Using this table as an example:
CREATE TABLE example(row_num int, id int, str text, val integer);
INSERT INTO example VALUES
(1, 1, '1a', NULL)
, (2, 1, NULL, 1)
, (3, 2, '2a', 2)
, (4, 2, NULL, NULL)
, (5, 3, NULL, NULL)
, (6, 3, '3a', 31)
, (7, 3, NULL, NULL)
, (8, 3, NULL, 32)
, (9, 3, '3b', NULL)
, (10,3, NULL, NULL)
;
I start with the following working base for the function. I call it passing in some variable names. Note the first is a table name not a column name. The function takes the table name and creates an array of all the column names and then outputs the names.
create or replace function col_collect(tbl text, id text, row_num text)
returns text[]
language plpgsql as
$func$
declare
tmp text[];
col text;
begin
select array (
select column_name
from information_schema."columns" c
where table_name = tbl
) into tmp;
foreach col in array tmp
loop
raise notice 'col: %', col;
end loop;
return tmp;
end
$func$;
I want to apply the "forward fill" function I got from my earlier question to each column of a table. UPDATE seems to be the correct approach.

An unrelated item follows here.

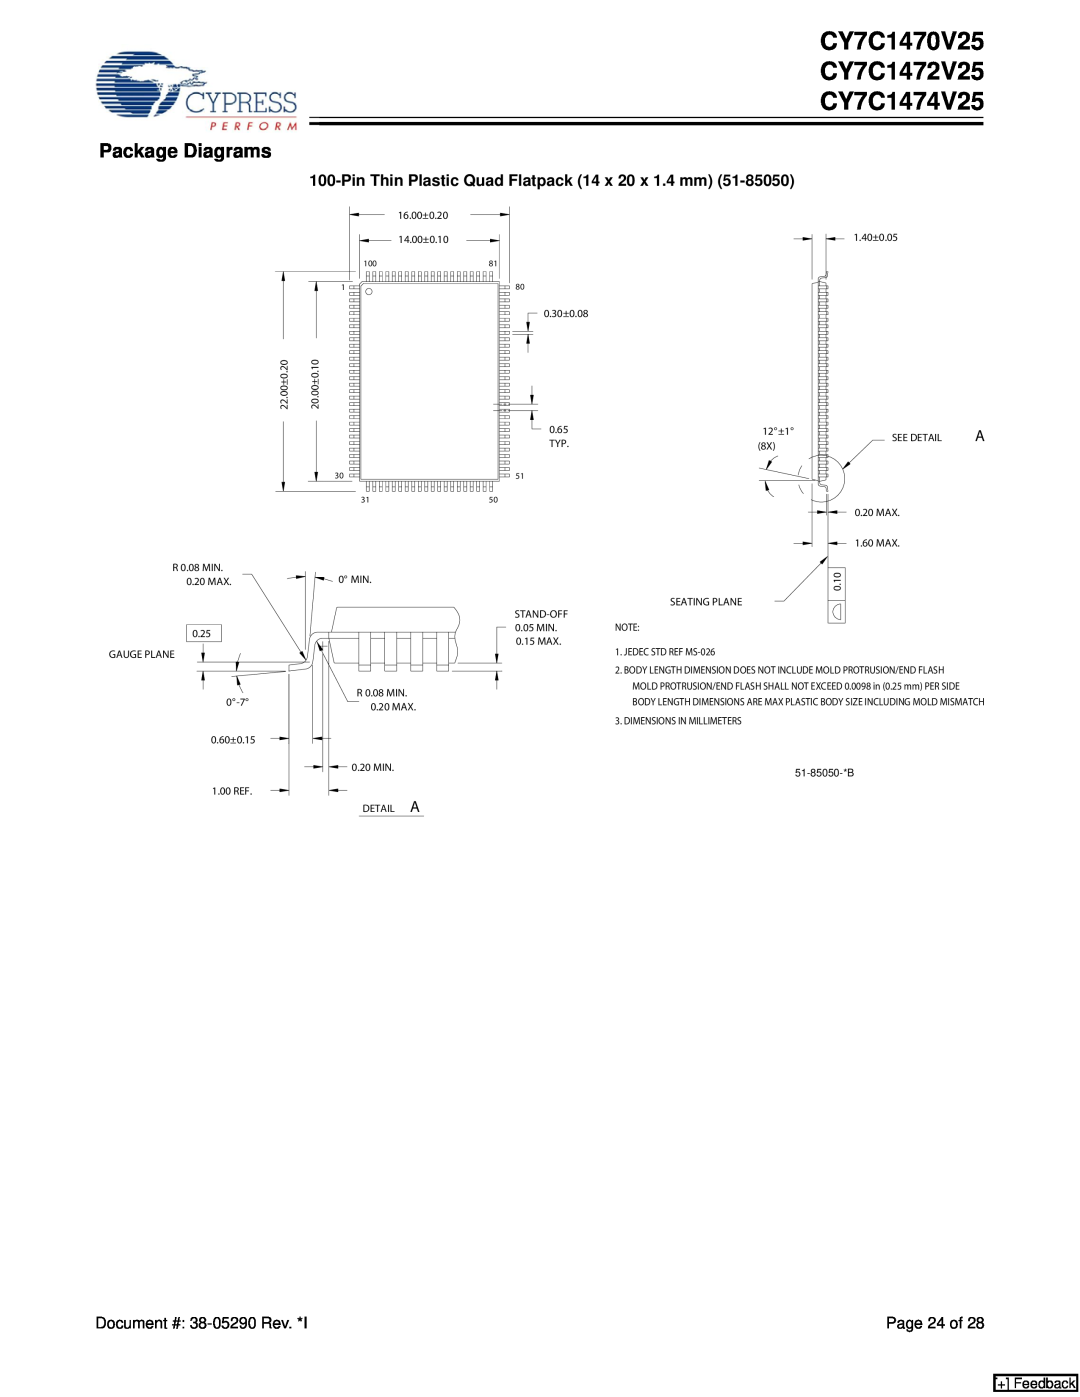 Cypress manual Package Diagrams, CY7C1470V25 CY7C1472V25 CY7C1474V25, Pin Thin Plastic Quad Flatpack 14 x 20 x 1.4 mm

So this is the preceding function where I replace raise notice by an update using execute so I can pass in the table name:
create or replace function col_collect(tbl text, id text, row_num text)
returns void
language plpgsql as
$func$
declare
tmp text[];
col text;
begin
select array (
select column_name
from information_schema."columns" c
where table_name = tbl
) into tmp;
foreach col in array tmp
loop
execute 'update '||tbl||'
set '||col||' = gapfill('||col||') OVER w AS '||col||'
where '||tbl||'.row_num = '||col||'.row_num
window w as (PARTITION BY '||id||' ORDER BY '||row_num||')
returning *;';
end loop;
end
$func$;
-- call the function
select col_collect('example','id','row_num')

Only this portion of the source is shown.